Rádio 98FM Canoinhas

Organização que gerencia Pronto Atendimento de Mafra é alvo de operação do Gaeco

Em nota, a Prefeitura de Mafra informou que mandado de busca e apreensão na UPA foi para investigar contratos em São Paulo e não envolve o município

Mafra foi um dos alvos da “Operação Duas Caras”, deflagrada pelo Grupo de Atuação Especial de Combate ao Crime Organizado (Gaeco), do Ministério Público de São Paulo, com apoio do Ministério Público de Santa Catarina.

Durante a ação, um mandado de busca e apreensão foi cumprido na Unidade de Pronto Atendimento (UPA) Padre Aldo Seidel, administrada por uma organização social investigada por envolvimento em um esquema de corrupção, fraudes em licitação e lavagem de dinheiro.

A operação teve abrangência nacional e, além de Mafra, também foram cumpridos mandados em outras três cidades de Santa Catarina: Palhoça, Itapoá e São José. Ao todo, em Santa Catarina, foram cumpridos nove mandados de busca e apreensão e um de prisão.

Em outros estados, as ações aconteceram em São Paulo, nas cidades de Catanduva, Arujá, Carapicuíba, Piracicaba, Viradouro e Bauru. No Rio de Janeiro, os alvos foram as cidades do Rio de Janeiro e Maric. No Espírito Santo, Alfredo Chaves foi alvo das buscas.



ENTENDA A INVESTIGAÇÃO

Segundo o Ministério Público de São Paulo, a organização mantinha contratos de gestão em diversos municípios do País e é suspeita de operar um esquema que movimentou ilegalmente mais de R$ 1,6 bilhão em recursos públicos.

Durante as ações, os agentes apreenderam sete aparelhos de celular, dois computadores, mais de R$ 91 mil em espécie, além de uma grande quantia em moedas estrangeiras, cujo valor ainda está sendo contabilizado. Todo material recolhido será periciado. 

A Polícia Científica de Santa Catarina prestou apoio técnico à operação, garantindo a preservação da cadeia de custódia das provas e evidências de interesse da investigação. O material apreendido pode auxiliar na comprovação de fraudes contábeis e do uso de empresas de fachada para desvio de verbas públicas. 

A investigação aponta que os gestores da organização social mantinham uma contabilidade paralela, utilizavam notas fiscais frias e superfaturadas e contratavam empresas do próprio grupo para simular despesas e desviar os recursos.

Em nota, o MPSP explicou que a escolha do nome “Duas Caras” remete ao comportamento dos envolvidos, que se apresentavam como benfeitores do sistema público de saúde enquanto agiam para obter ganhos pessoais.

Por ordem judicial, a investigação segue sob sigilo. Segundo o Ministério Público, mais detalhes poderão ser divulgados após a publicidade dos autos. 





O que diz a Prefeitura de Mafra? 

Em nota, a Prefeitura de Mafra disse que não há qualquer relação no município com os fatos investigados e que a presença do Gaeco na UPA Padre Aldo Seidel teve como objetivo apenas a verificação de documentos ligados à organização social Mahatma Gandhi, atual gestora da unidade. 

Veja a nota na íntegra:

“Nota oficial

A Prefeitura de Mafra informa que na manhã desta quinta-feira, 7, a Unidade de Pronto Atendimento (UPA) Padre Aldo Seidel recebeu visita do Grupo de Atuação Especial de Repressão ao Crime Organizado (Gaeco) para a verificação de documentos e contratos firmados com a organização social Mahatma Gandhi, atual gestora da unidade.
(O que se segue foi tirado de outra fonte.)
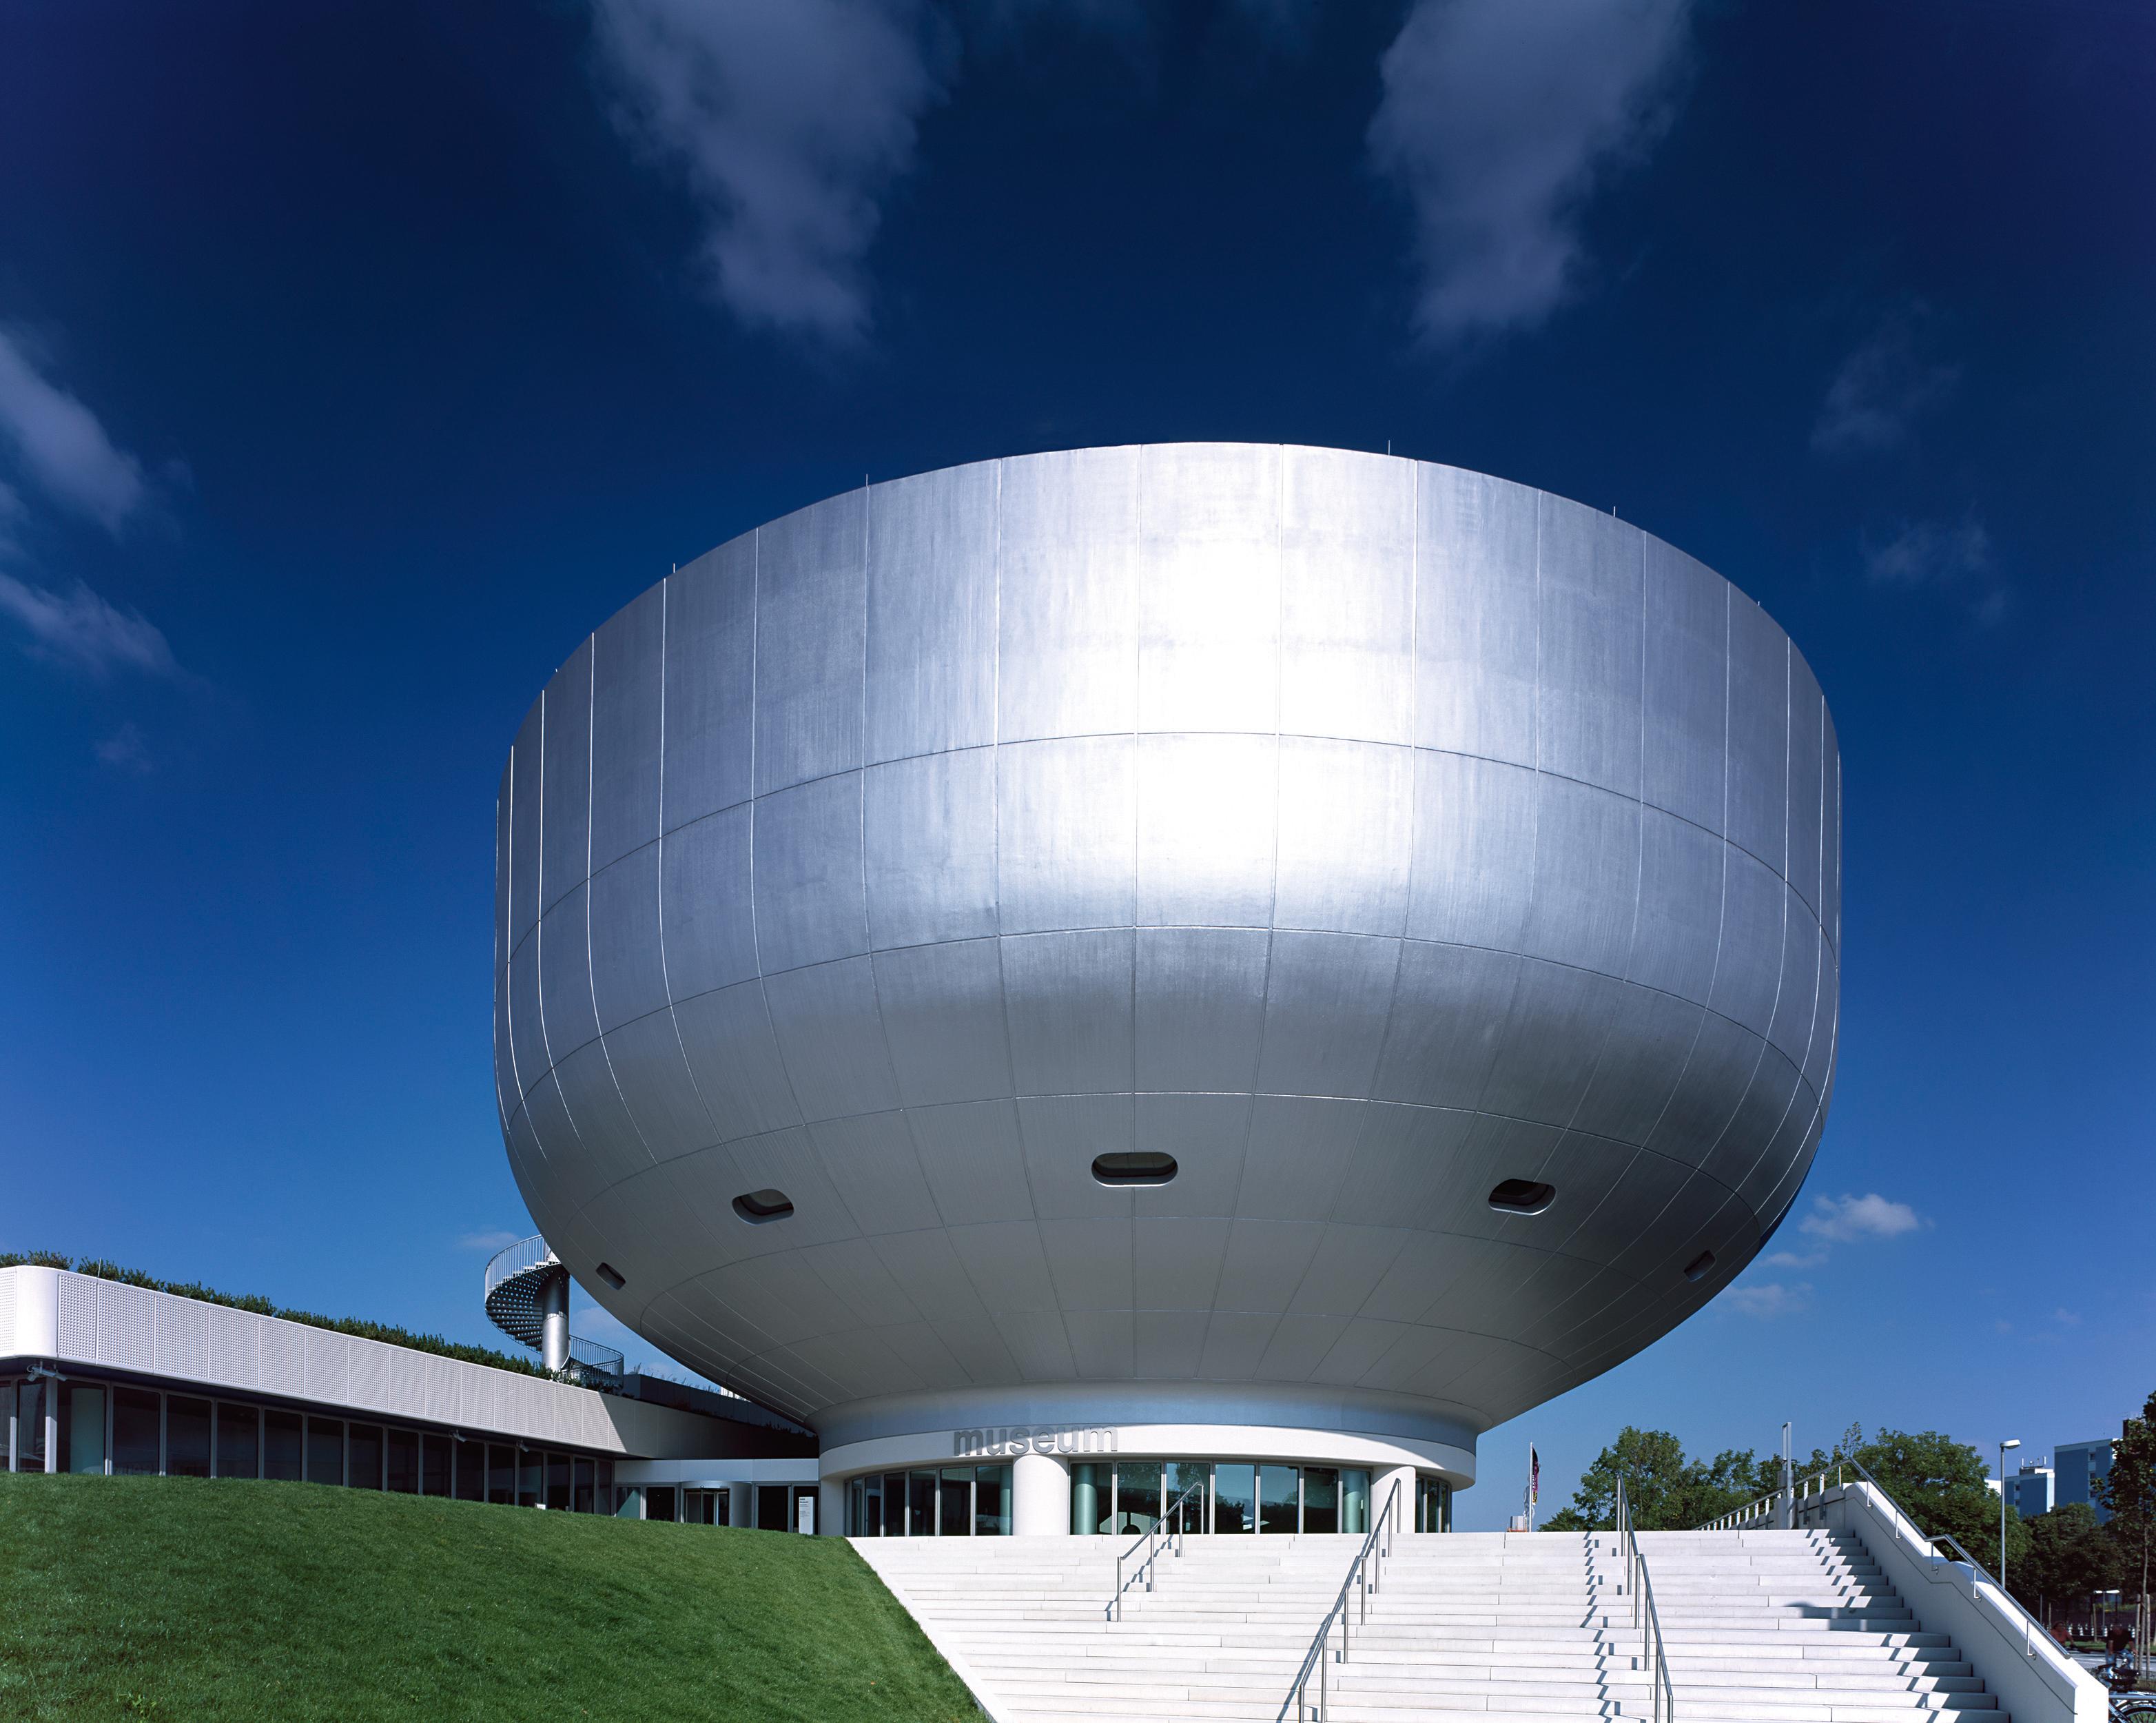 2014: Auf Exkursion im BMW-Museum

Esclarecemos que a instituição integra a Operação Descalabro, deflagrada pela Polícia Federal em Bebedouro, São Paulo, com foco exclusivo em investigações e desvio de recursos públicos da saúde naquele município paulista. A investigação envolve contratos da organização Mahatma Gandhi firmados especificamente com a cidade de Bebedouro. 

Não há qualquer relação da Prefeitura de Mafra, de seus servidores ou gestores com os fatos investigados. A atuação da Polícia Federal na cidade foi apenas para a coleta de informações complementares sobre a atuação da organização contratada. 
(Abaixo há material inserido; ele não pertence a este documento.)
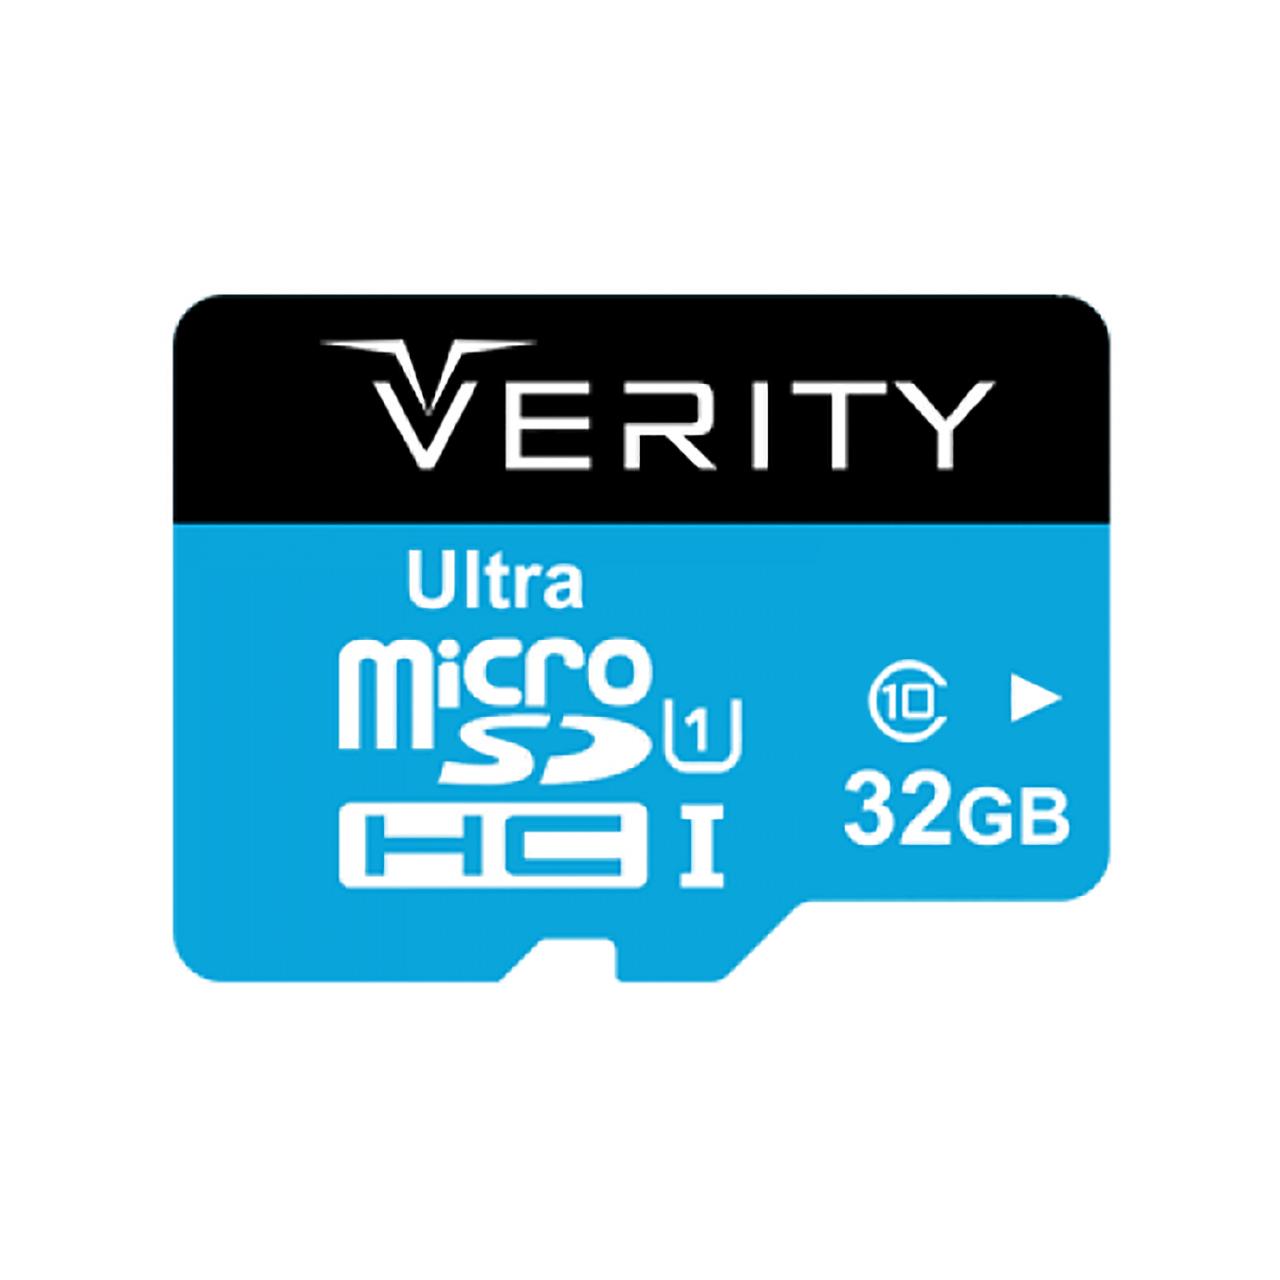 کارت حافظه microSDHC وریتی کلاس 10 استاندارد UHS-I U1 سرعت 65MBps ظرفیت 32 گیگابایت   Verity U1 Class 10 65MBps microSDHC - 32GB

A Prefeitura de Mafra reafirma seu total compromisso com a transparência, com a boa gestão dos Recursos públicos e com a colaboração integral com os órgãos de investigação. Ressaltamos que todos os serviços da UPA seguem em funcionamento normal e que a gestão municipal segue atenta à lisura de todos os contratos e parcerias. 

A administração reforça ainda que qualquer envolvimento e irregularidades por parte de prestadores de serviço, independentemente de onde ocorram, deve ser rigorosamente apurado e punido nos termos da lei”.